There is only one gender-neutral, or unisex, bathroom in the HUB, and it is on the third floor next to the Q Center. Campus wide, there are around 20. In 2006, a student group started a campaign to raise awareness and ask for the addition of more of these bathrooms.
“We knew students who were not going to the bathroom all day on-campus, or having to go home, or trying to get into businesses that they knew had gender neutral,” said Jennifer Self, Q Center director.
Between 2010 and 2011, the idea for a project to retrofit bathrooms to gender neutral came up through conversations with Facilities Services. Eventually, the Office of the Vice Provost and Capital Resource Planning became involved and teamed up with the Office of Student Life and the Q Center to raise money to fund it.
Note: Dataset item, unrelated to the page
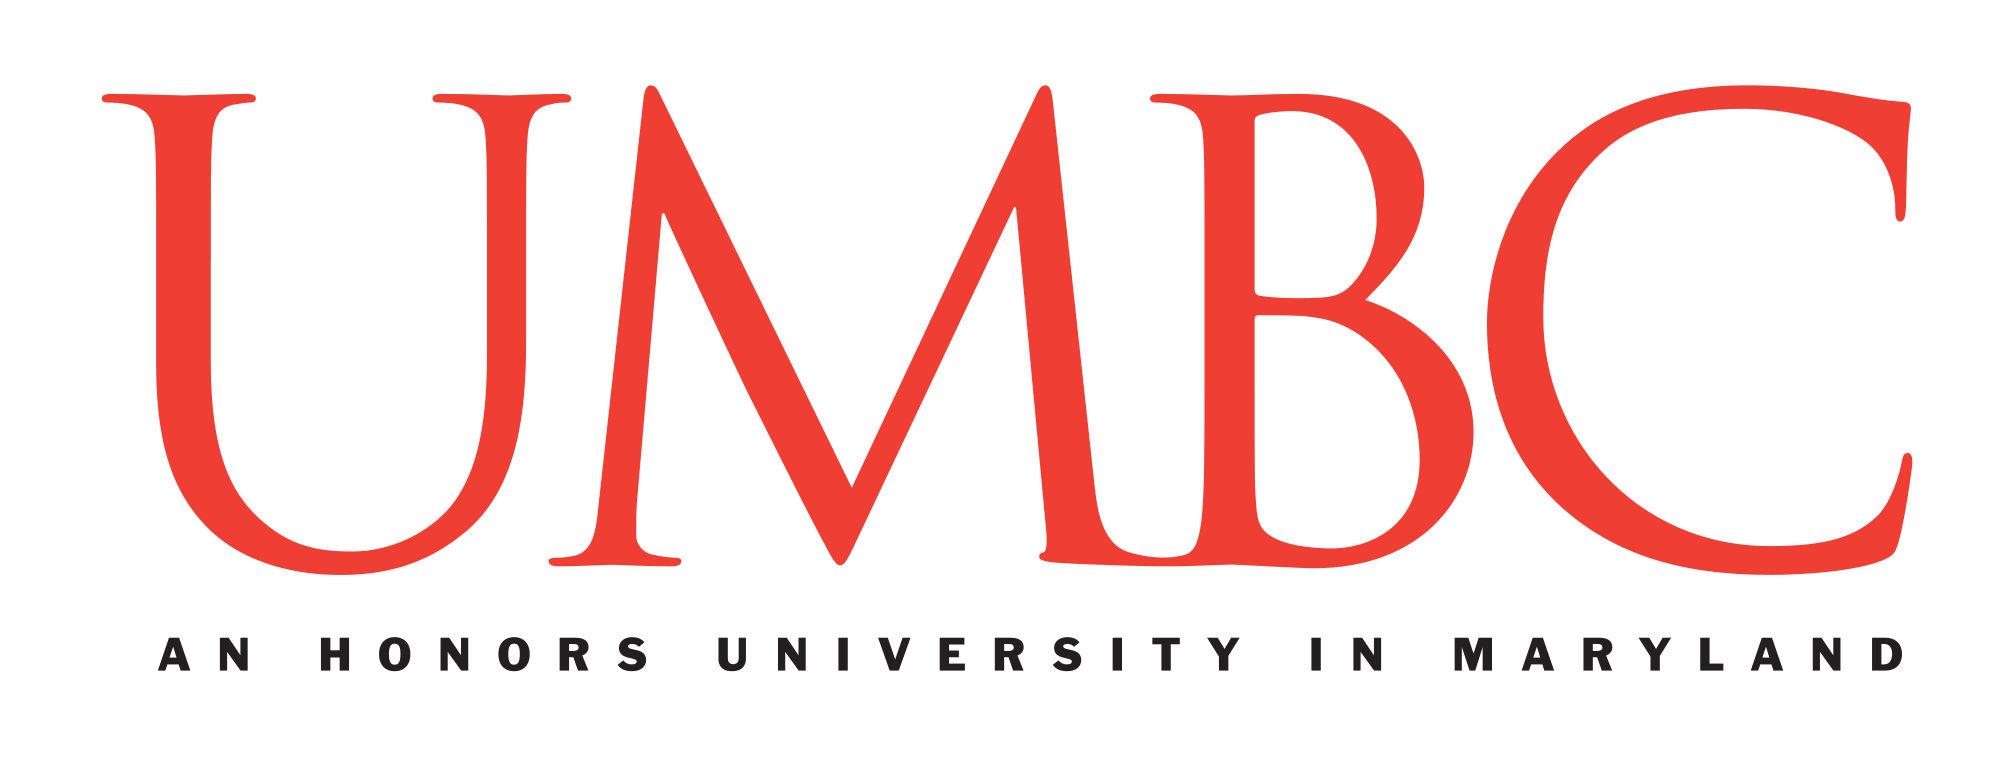 University of Maryland, Baltimore Co

The goal was to convert them to be gender neutral, accessible, and parent friendly, so they would be universal bathrooms. Out of 49 possible locations identified, the Q Center recommended 20-26 restrooms they believed to be the best options.
Self said there could have been better collaboration from all groups involved, in terms of helping people in the buildings understand why restrooms were changing. She said there should be more unisex restrooms in the HUB.
“I think that at the time the HUB was being designed, the conversation on this campus about gender-neutral restrooms was not at a place where people were thinking, oh yeah, it’s a good idea, let’s have a gender-neutral restroom on each floor,” Self said.
Zuchowski said gender-neutral bathrooms were a consideration during the construction of the HUB, but Seattle building codes require a certain number of gender-specific bathrooms, and a certain number of stalls, so they could only fit in one gender-neutral bathroom to be in compliance.
They chose to put it by the Q Center, but he said they were not saying everyone who used gender-neutral bathrooms are associated with Q Center. In his discussion with Blackburn, he said she brought up that it’s not convenient, but they tried to be accommodating.
“We’re not opposed to doing the same thing again to raise awareness,” Zuchowski said. “To me, raising awareness is an important thing because we have a very diverse student body.”
The QSC director chose the HUB because it’s a frequently trafficked area, and plans to continue raising awareness of this issue, either in the HUB again, or in other buildings.
“It really depends,” Blackburn said. “I know I’m not done with it. I know that much.”